You can override this using the jboss specific @RemoteBinding and @LocalBinding annotations
http://docs.jboss.org/ejb3/tutorial/jndibinding/jndi.html -
2. Re: jndi mapping with Trails example
lpiccoli Jul 25, 2005 12:01 AM (in response to lpiccoli)hi all,
i still can not get this dam EJB3 code to be bound to a JNDI name.. what do i have to do here?
I have attached the SLSB code, the JSP code and the exception. The SLSB
cannot bw found from the JNDI context.
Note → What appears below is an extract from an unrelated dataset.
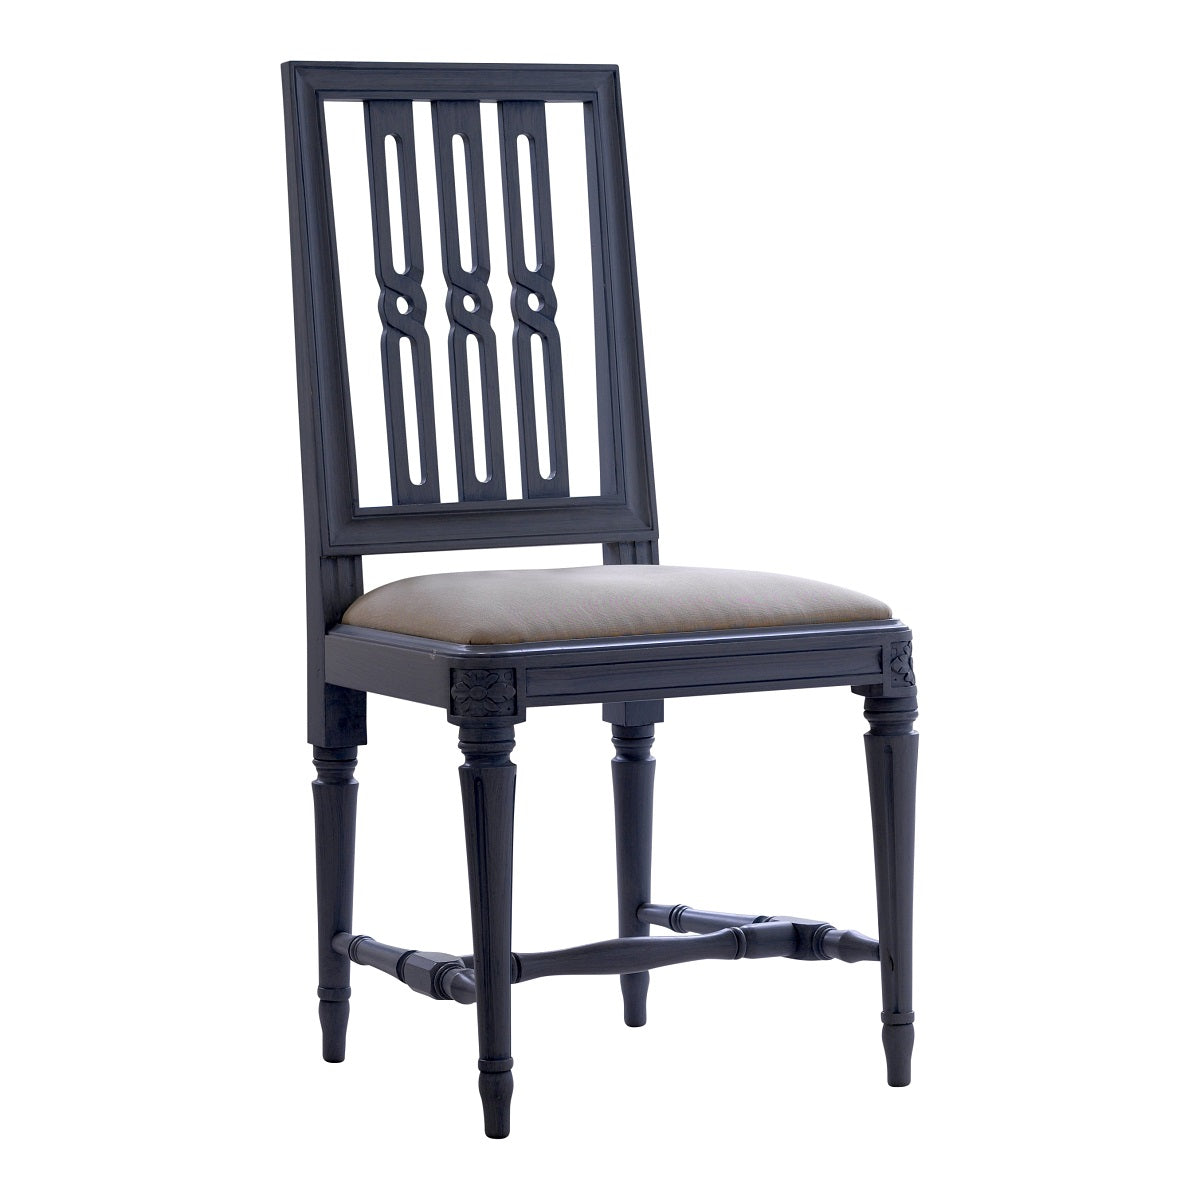 Medivi Wooden Chair

The ear seems to be deployed cleanly as there are no errors in the server.log
This is such a trivial task but i can't seem to solve it.
Any help is appreciated.
------SLSB code----
package com.asteriski.asset.business;
import com.asteriski.asset.entity.*;
import javax.ejb.*;
import javax.persistence.*;
import java.sql.Timestamp;
import java.util.*;
@Stateless
public class AssetBean implements Asset {
@PersistenceContext (unitName="as")
protected EntityManager em;
public void addAsset (String name) {
System.out.println( "addAsset");
AssetEntity assetEntity = new AssetEntity (name);
em.persist (assetEntity);
}
public Collection getAssets()
{
return em.createQuery("from Asset a").getResultList();
}
}
---------JSP snipp-----
<%
AssetBean ab = null;
try {
System.out.println( "Attempting context lookup");
InitialContext ctx = new InitialContext();
ab = (AssetBean) ctx.lookup(AssetBean.class.getName());
System.out.println( "got context lookup");
} catch (Exception e)
{
System.out.println( "Error context lookup " + e);
//e.printStackTrace ();
}
%>
---------Exception-----
13:52:31,003 INFO [STDOUT] Error context lookup javax.naming.NameNotFoundExcept
ion: com.asteriski.asset.business.AssetBean not bound
13:52:31,003 ERROR [[jsp]] Servlet.service() for servlet jsp threw exception -
3. Re: jndi mapping with Trails example
lpiccoli Jul 25, 2005 1:49 AM (in response to lpiccoli)solved this problem.
It seems that the jndi is bound to the interface class not the implementation class!
-lp -
4. Re: jndi mapping with Trails example
bill.burke Jul 25, 2005 10:29 AM (in response to lpiccoli)Yes. You don't have reference to the bean class on the client and also, a bean class can have both a local and remote interface...
The real reason for the default was so that you automatically had a compiler checked constant you could use to lookup the EJB.